[extropy-chat] unidirectional thrust

Hal Finney hal at finney.org
Wed Mar 16 01:18:08 UTC 2005


Mike Lorrey writes:
> I don't suppose I have to explain to everyone else how wrong you are. A
> Joule being equal to 1 kg m2 s-2, or 1/4.184 of a calorie, is a unit
> that involves a time term, ergo 100 kJ for 10 seconds is 1 MJ. No over
> unity, Dirk, just bad math and a misunderstanding by you of energy and
> work.

I thought Dirk was wrong at first, in fact I had a message all typed up,
but then I thought... what if I'm wrong?  And then I decided that I *was*
wrong!  I think Dirk's analysis is correct.  Let me make it more concrete.

Let's suppose a lifter will work in outer space.  We'll use a photovoltaic
panel and some kind of DC-to-DC pulsed transformer to get the 30 kV
we need.

Looking at the first chart on the lifter page at
<http://jnaudin.free.fr/lifters/data/index.htm>, he can lift about
35 grams with Lifter v4.0, for 132.9 Watts.  That's a force of
.035 kg times 9.8 m/s/s or about .3 Newtons.  A random solar panel,
<http://www.wholesalesolar.com/products.folder/module-folder/kyocera/KC167.html>,
can generate 167 Watts and weighs 16 kg.  We'll add 4 kg for the
transformer (this is all hand-wavey) and get a 20 kg device that we can
shoot into space and it will start accelerating all by itself.
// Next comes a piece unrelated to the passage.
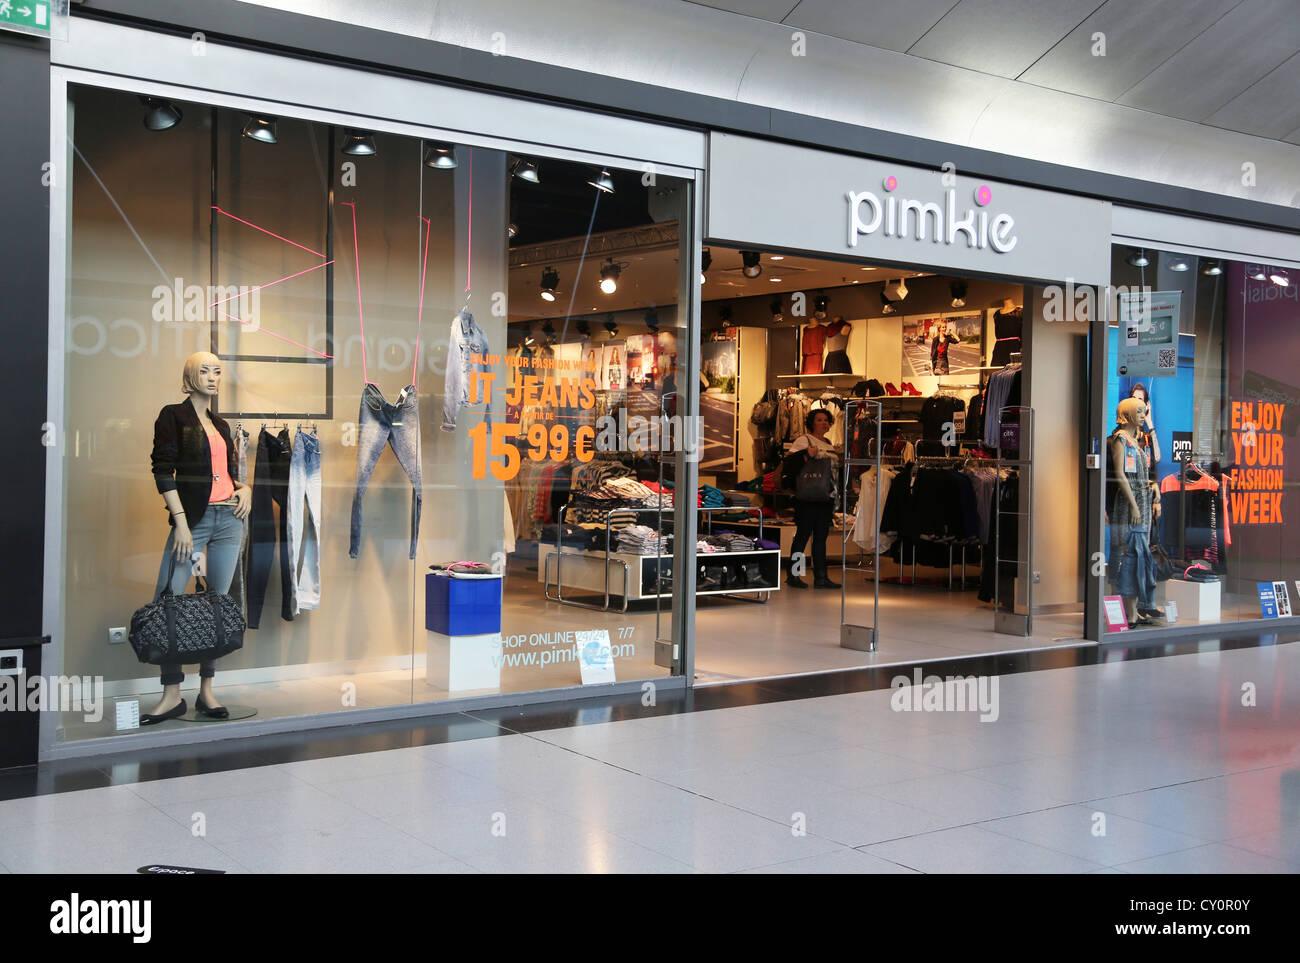 online shopping france trendy france soccer jerseys pogba griezmann payet kante mbappe football. Black Bedroom Furniture Sets. Home Design Ideas

.3 Newtons over 20 kg is about .015 m/s/s acceleration that our device
will deliver.  It's small, but it builds up.  After 1 day, it's going over
a kilometer per second!  And velocity increases by a km/s every day.
Meanwhile we are putting in 132.9 Watts the whole time, which is 132.9
J/s times 86400 s/day or 11.5 MJ per day.  Well, after two days we are
at 2 km/s so our kinetic energy is m*v*v/2 or 40 MJ.  But we've only
used 2 * 11.5 MJ or 23 MJ.  So Dirk is right, we are over unity already,
even with a primitive lifter like Naudin has designed.  And it gets
worse every day.

It's interesting to compare this with a rocket.  The difference is that
with a rocket, most of the energy goes into the exhaust, which constantly
decreases the mass of the rocket.  The result is that there's a limit
to how much delta V you can get, depending on your exhaust velocity
and the mass ratio of fuel to payload.  But these lifters, or any such
"space drive", don't have exhaust shooting out, so they can go on forever,
constantly increasing their kinetic energy as the square of the velocity.
As Dirk says, eventually they will go over unity, and as this example
shows, it could happen suprisingly quickly.